The value of transactions across contracts on the Dalian Commodities Exchange, Shanghai Futures Exchange and Zhengzhou Commodities Exchange fell to 980 billion yuan on Thursday when about 24 million contracts traded, according to data compiled by Bloomberg. That’s still above levels a year ago when 16.7 million contracts changed hands worth 718 billion yuan.

Regulators Ready

Regulators including the China Securities Regulatory Commission are now ready to limit price fluctuations in commodities futures markets should there be further abnormal volatility, according to people with knowledge of matter.

Officials are concerned that swings may pose risks to the market and also encourage companies in oversupplied industries such as steel to restart idled production, jeopardizing the nation’s attempts to cut industrial overcapacity, according to the people, who asked not to be identified because the information isn’t public. The CSRC didn’t respond to a fax seeking comment.

The China Futures Association on Thursday called for stronger risk control amid the market volatility and surging numbers of new investors while the Dalian Commodity Exchange said overnight it intended to strictly curb excessive speculation on coke and coking coal futures contracts.

Prices Cool

Goldman Sachs Group Inc. has expressed concern about the surge in speculative trading in iron ore, saying that daily volumes are now so large that they sometimes exceed annual imports. The equivalent of 41 million bales of cotton traded in Zhengzhou one day last week, the most in more than five years and enough to make almost 9 billion pairs of jeans, or at least one for every person on the planet.

China’s investors have honed in on raw materials amid signs of a pickup in demand after policy makers talked up growth, added stimulus and the property market rebounded.
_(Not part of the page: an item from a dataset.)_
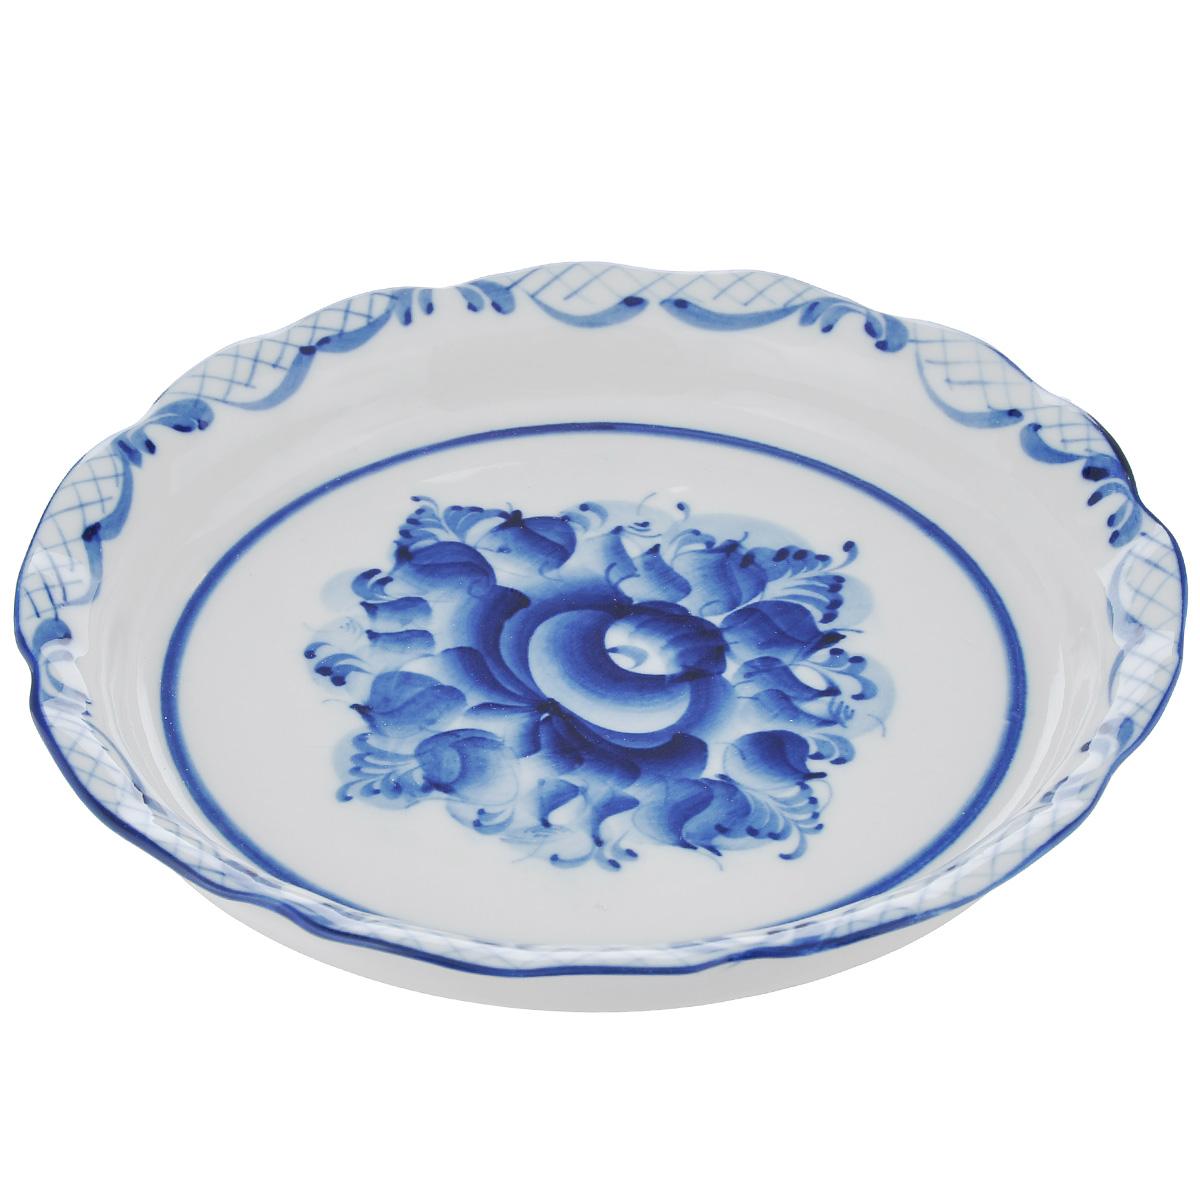 Сухарница Идиллия, цвет: белый, синий, 19 см х 19 см х 3 смVT-1520(SR)Сухарница Идиллия выполнена из высококачественной керамики и украшена легкой росписью кобальтом, которая сочетает простые линии и орнаменты с красивыми цветочными узорами. Сухарница  Идиллия  доставит истинное удовольствие ценителям прекрасного. Яркий дизайн, несомненно, придется вам по вкусу. Гжель - один из традиционных российских центров производства керамики и известный народный художественный промысел России. Производят изделия в Московской области, в обширном районе из 27 деревень, называемых Гжельский куст. Профессиональные мастера сохраняют традиции росписи и создают истинные шедевры. Ей характерна изящная роспись в синих тонах на белом фоне. Традиционными считаются изображения птиц, цветов и узоров. Уважаемые клиенты! Обращаем ваше внимание, что роспись на изделие сделана вручную. Рисунок может немного отличаться от изображения на фотографии.

As trading now cools, so too are prices. Steel reinforcement bar in Shanghai has dropped 7.7 percent since a 20 percent advance in the four days through April 21, when it peaked at the highest level since September 2014 amid the heaviest trading ever. Cotton prices are also more than 7 percent off their peak last week.

“Some people are even questioning the premise of these regulatory moves,” said Fan at Nanhua. “The rally in steel prices, for example, wasn’t purely driven by speculation but is supported by real fundamental forces of reduced supply and increased demand.”